DATA SECTION =>
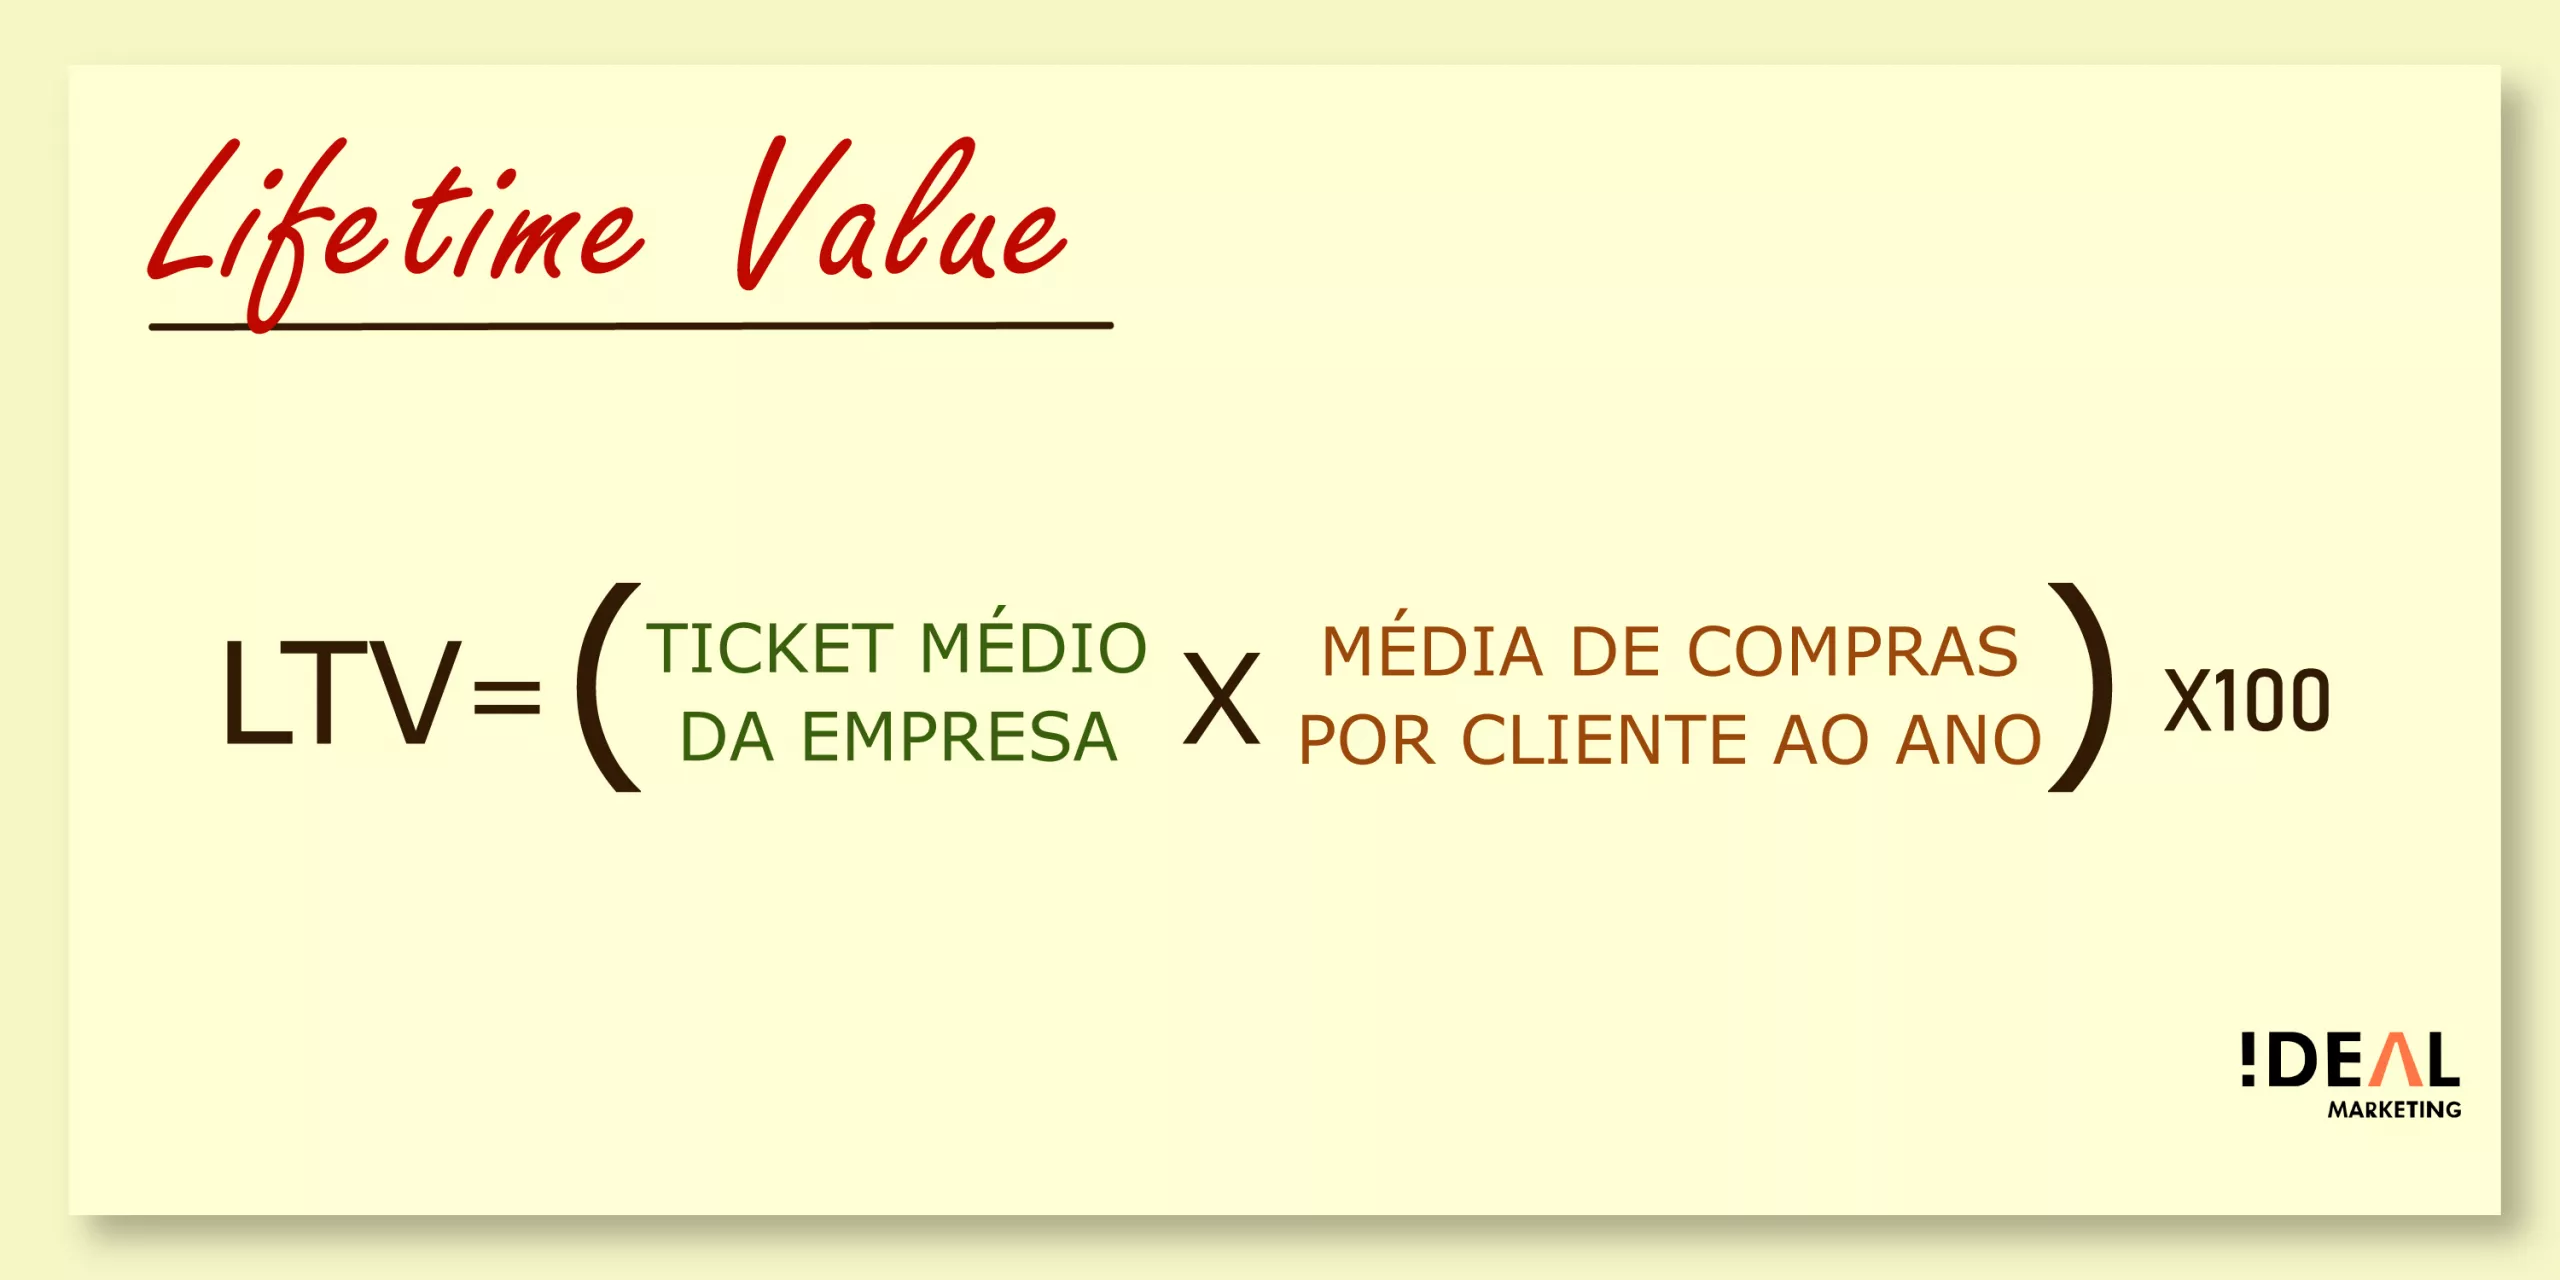 A arte mostra a fórmula do Lifetime Valiue (LTV): LTV=Ticket médio da empresa x Média de compras por cliente ao ano) x100.
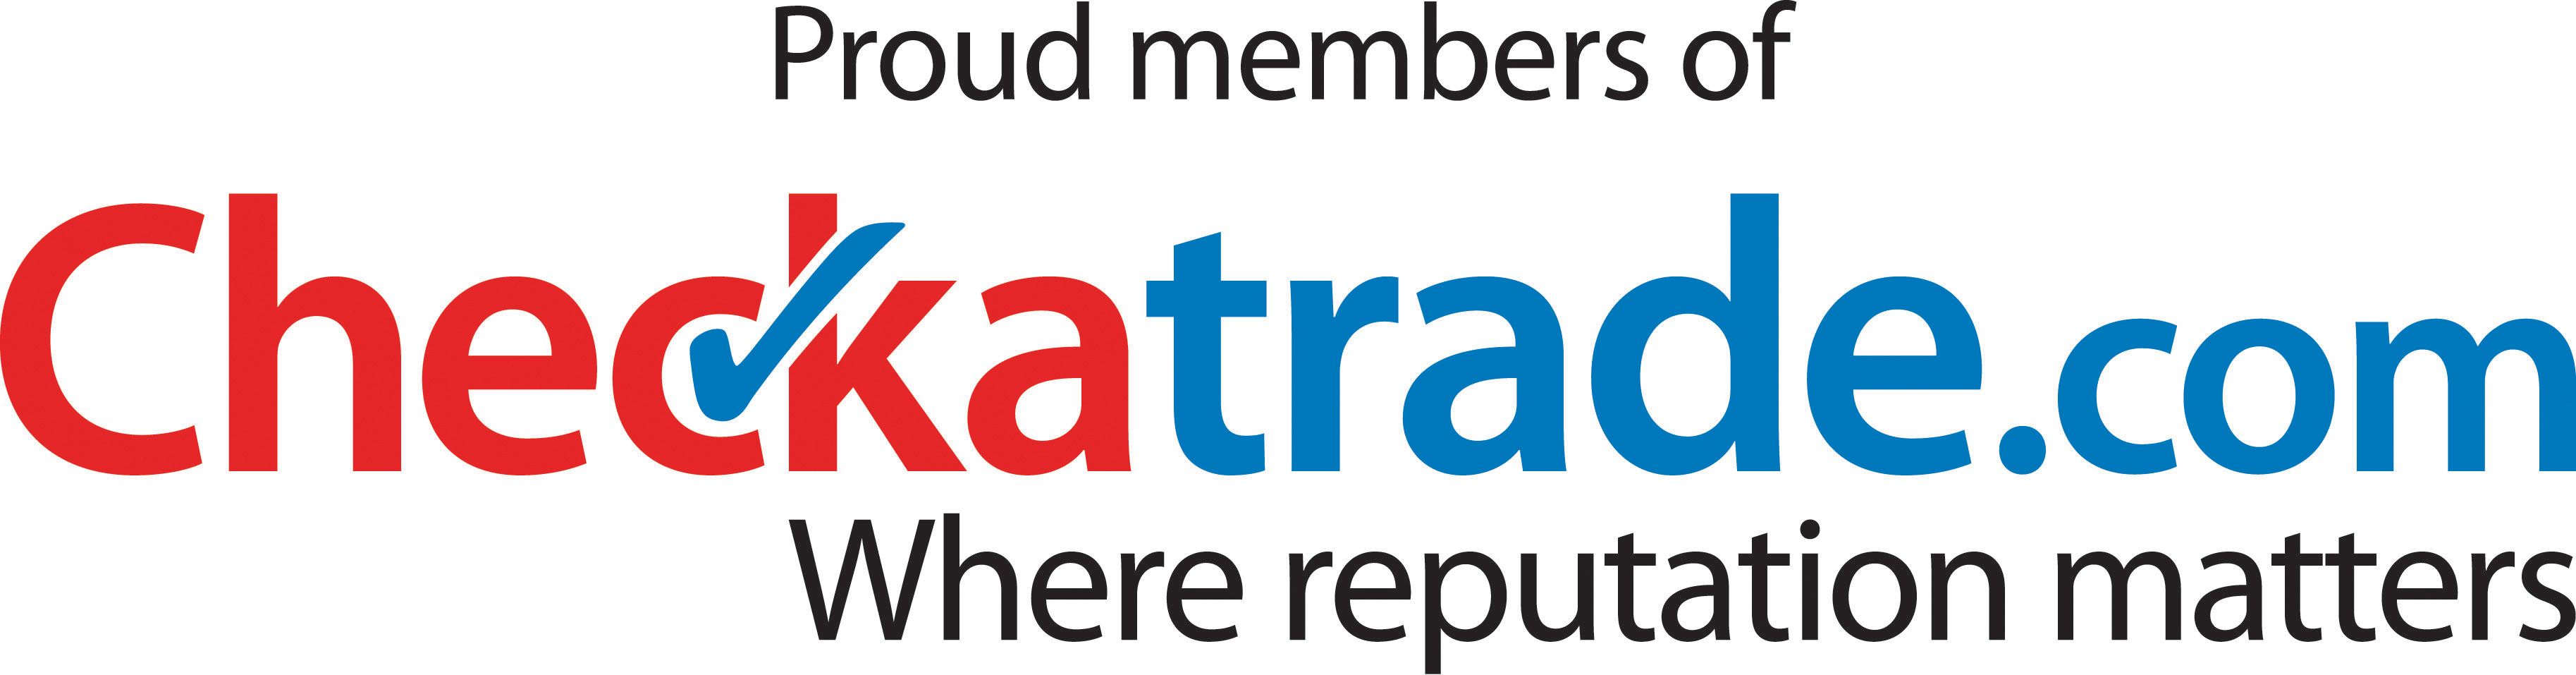 check-a-trade logo
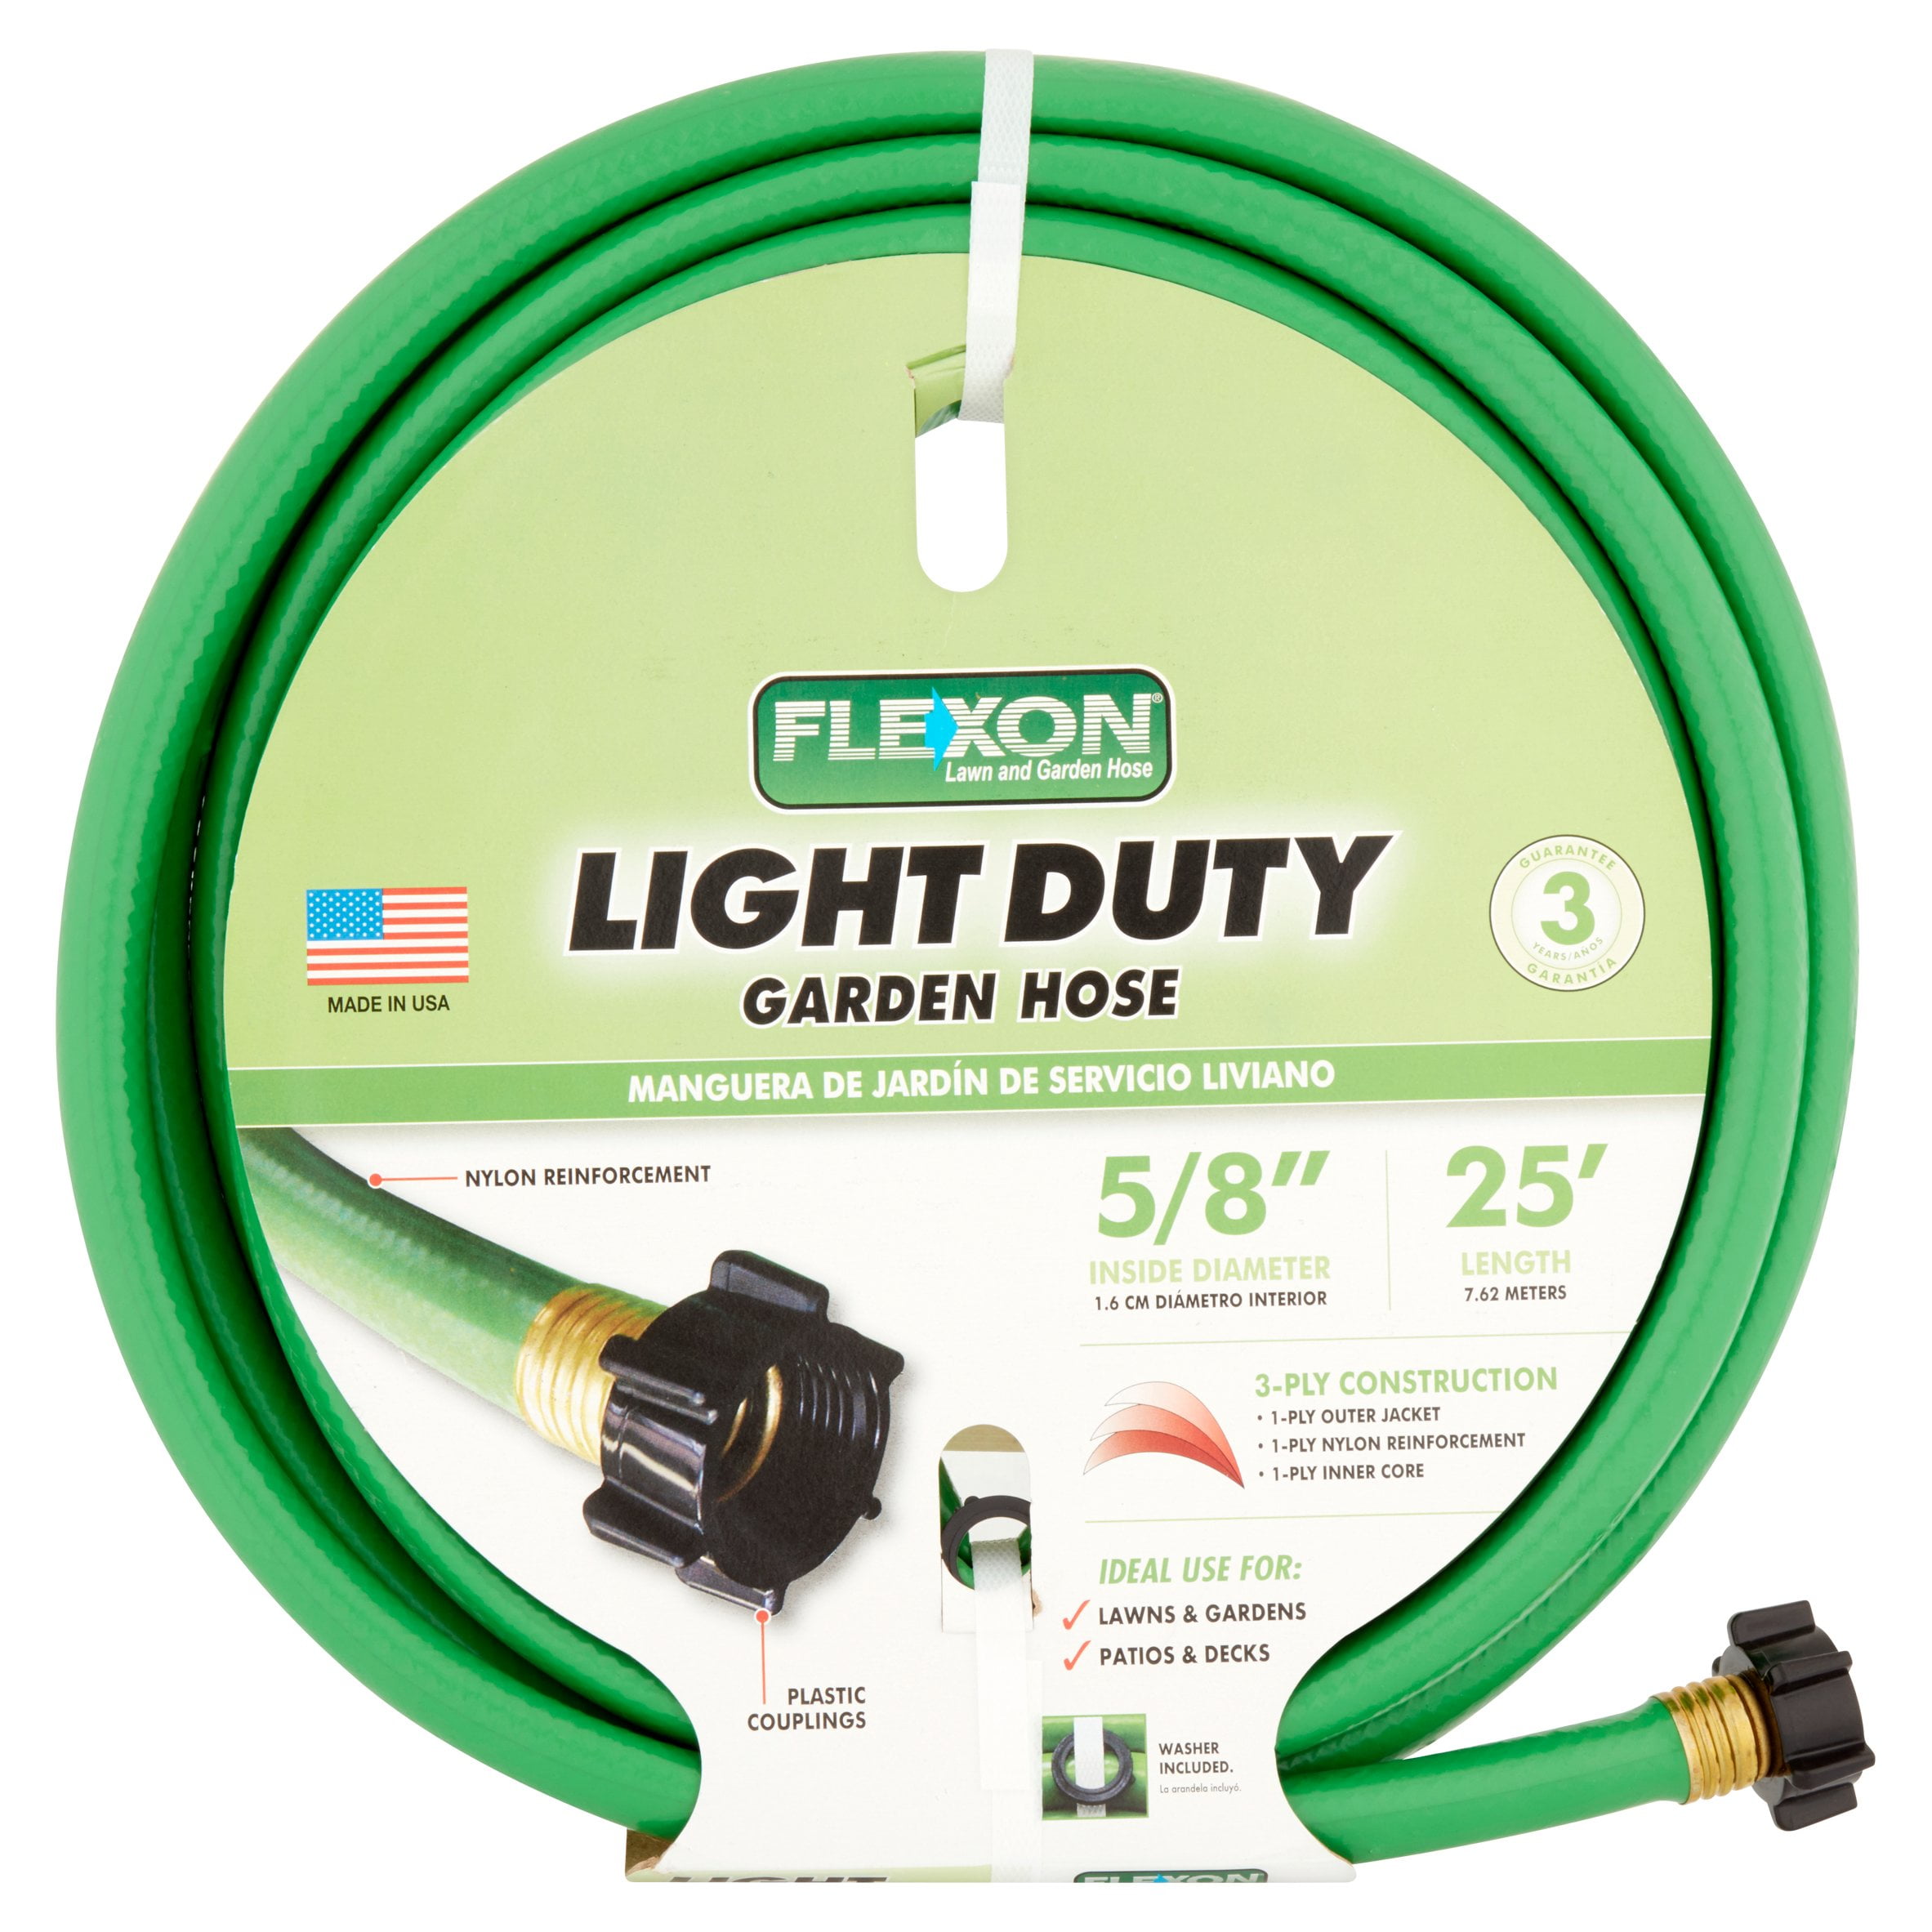 Flexon Light Duty Garden Hose Walmart Com

TASK BRIEF =>
Return each line of the material exactly as written; exclude the pictures.

OUTPUT =>
 A arte mostra a fórmula do Lifetime Valiue (LTV): LTV=Ticket médio da empresa x Média de compras por cliente ao ano) x100.
 check-a-trade logo
 Flexon Light Duty Garden Hose Walmart Com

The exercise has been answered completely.